Zu Fuß durfen Einheimische wie Auswärtige gestern erkunden und ausprobieren, wie belastbar die umgestaltetet Poststraße in Winsen ist. Viele Firmen, aber auch Jugendtreff und Bücherei waren mit Ständen vertreten, die Geschäfte lockten beim verkaufsoffenen Sonntag mit besonderen Angeboten, es gab ein breites gastronomisches Angebot und auf diversen Bühnen bunte Unterhaltung. Die Regenschauer beeindruckten das Publikum kaum.

"Toll für Winsen, die Parkplätze lassen sich gut befahren", sagt Fleischermeister Heiner Kleinschmidt zur neuen Poststraße. Für den Autoverkehr werde es aber schwieriger. Auch der Südwinser Ewald Grezios ist zufrieden mit den schön gestalteten Fußwegen und der neuen Beleuchtung. Gespannt ist er, wie künftig die Fahrradfahrer klarkommen. "Radfahren auf der Straße ist lebensgefährlich", stellt Brunhilde Thießen fest und spricht von Katastrophe. Auch Bodo Thielke sieht die Radfahrer auf der Fahrbahn in Gefahr. "Die Verkehrsführung ist gewöhnungsbedürftig", sagte er.

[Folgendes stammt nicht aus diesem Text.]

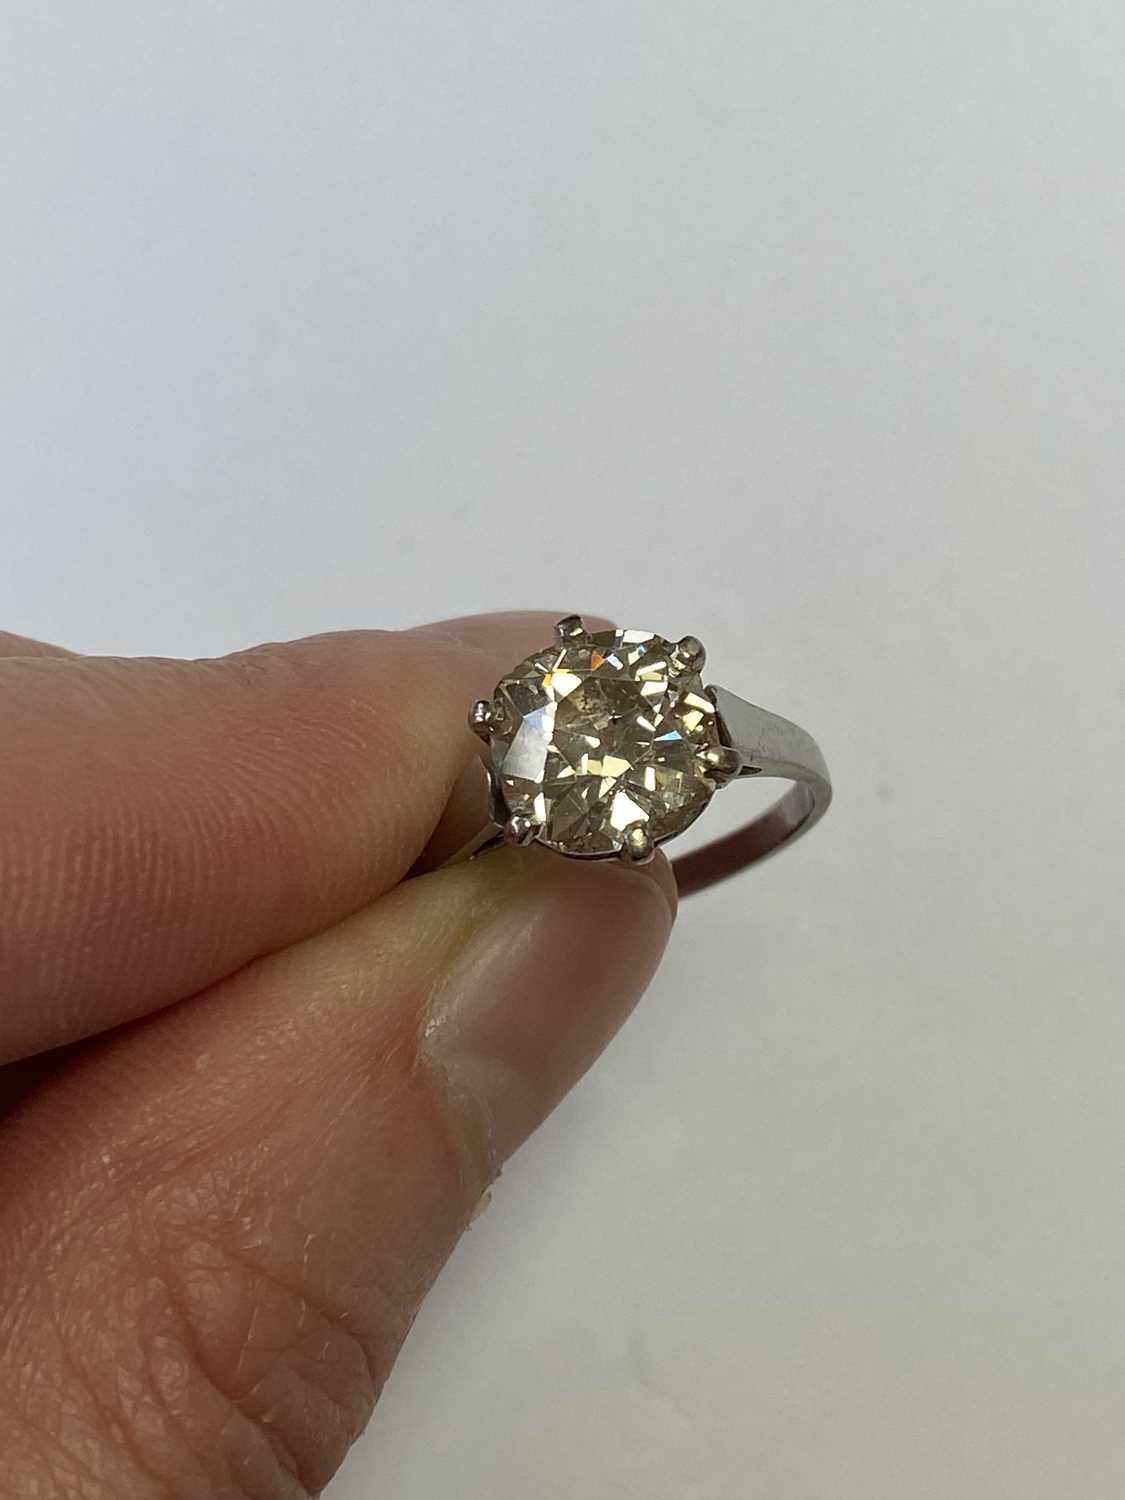 An early 20th century single stone diamond ring - Image 12 of 14
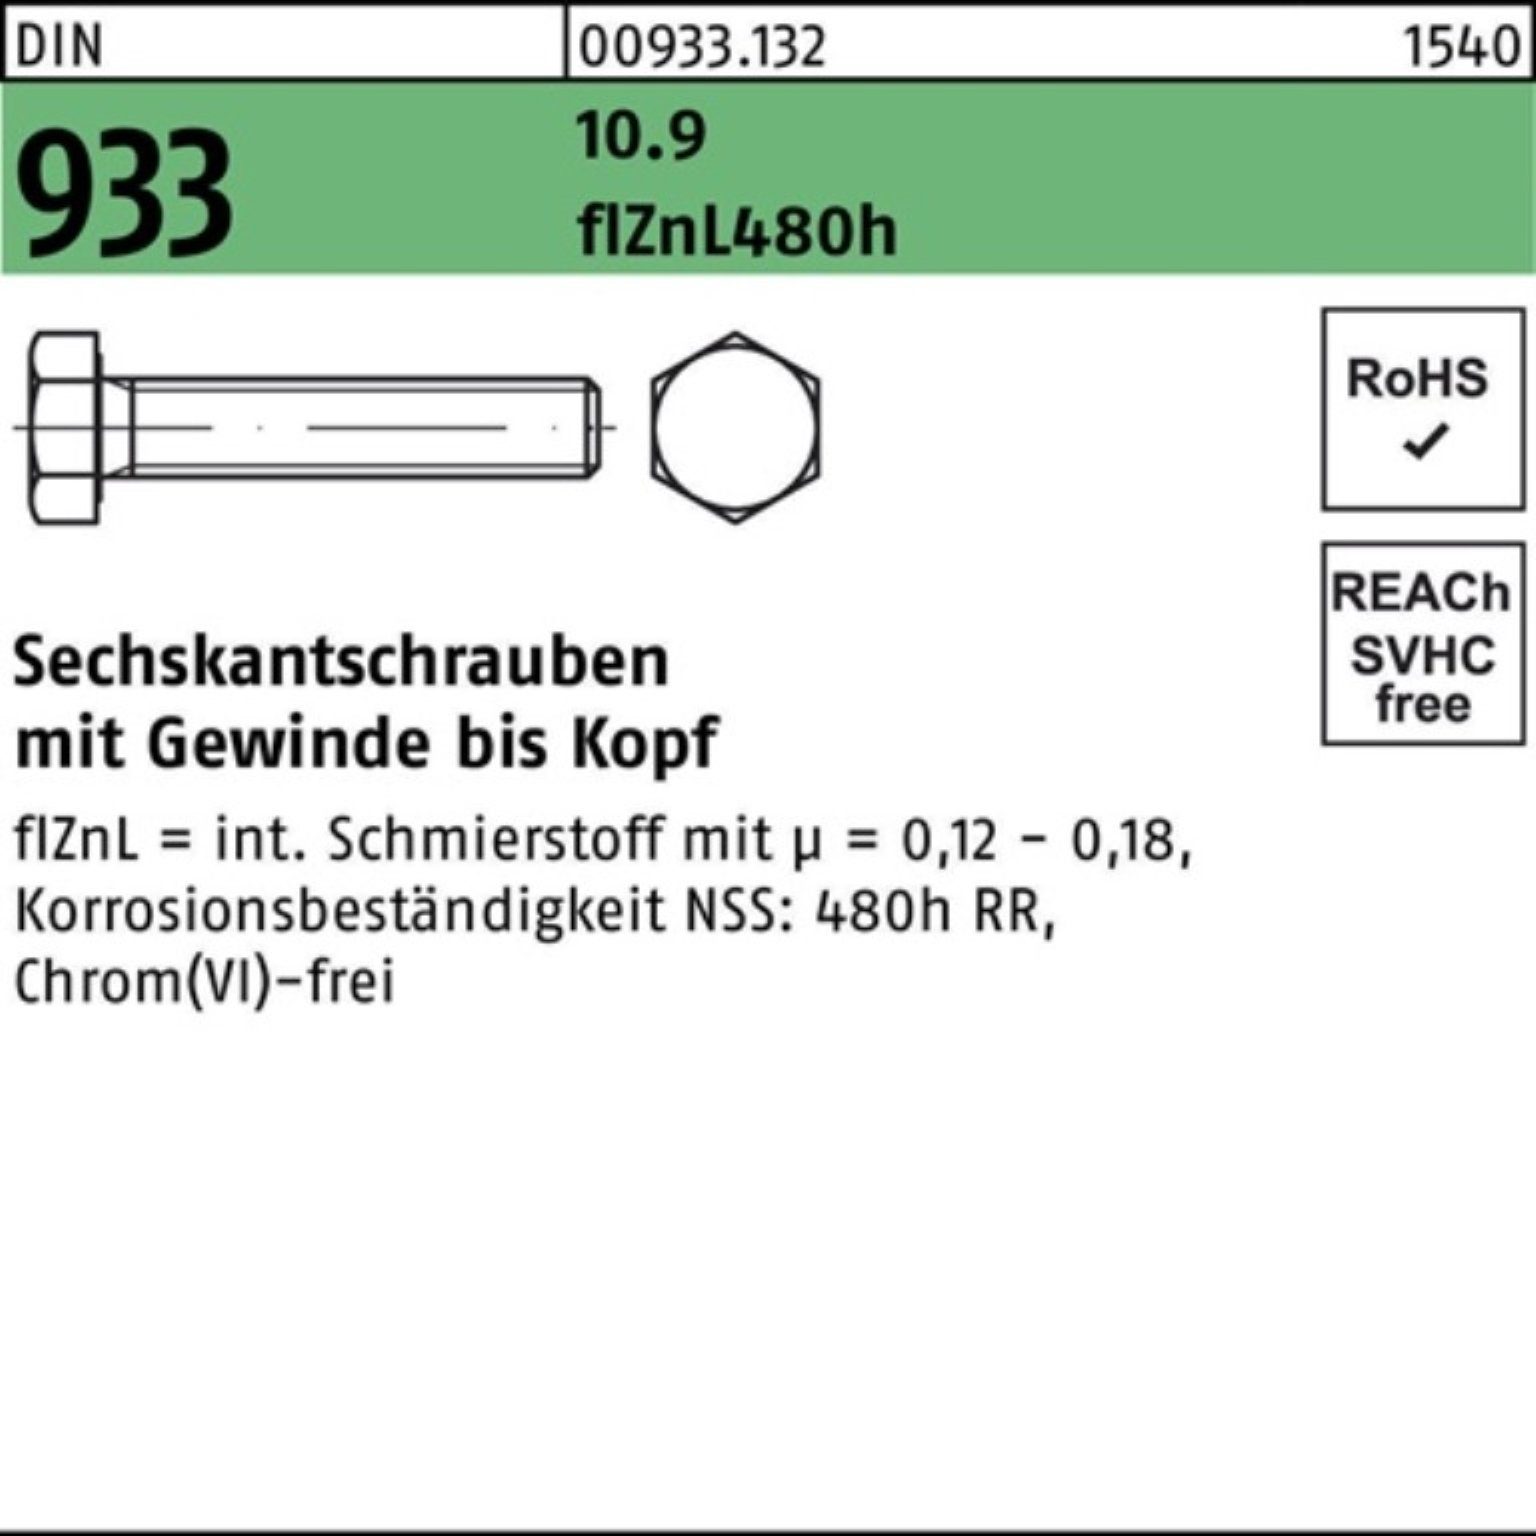 25 Sechskantschraube 500er 933 M6x VG Reyher 10.9 flZnL/nc/x/x/480h Sechskantschraube DIN Pack

In die Zukunft blickte Sparkassenchef Axel Lohöfener und erläuterte Interessierten vor der Baustelle, wie die künftige Filiale aussehen wird, die Anfang Dezember bezogen werden soll: fast weißer Putz, viel Glas, eingefasst in Klinker. Auf dem Außengelände 27 Parkplätze und kleinkronige Bäume, damit der zweigeschossige Bau mit 1500 Quadratmetern Nutzfläche nicht komplett verschwindet.

Er war nicht extra zur Einweihung der Poststraße nach Winsen gekommen, aber den weitesten Anreiseweg hatte er bestimmt. Denn Karim Selin wohnt in Kairo, zurzeit macht er in Wolthausen Urlaub und war mit Claus-Dieter Schmidt nach Winsen gefahren. 30 Jahre hat der 76-jährige Ägypter als Navigator für die Lufthansa gearbeitet. Als Ausgleich zum quirligen Kairo suchte er für den Urlaub ein ruhiges Plätzen und fand Wolthausen, wo er sich schon zum dritten Mal erholt.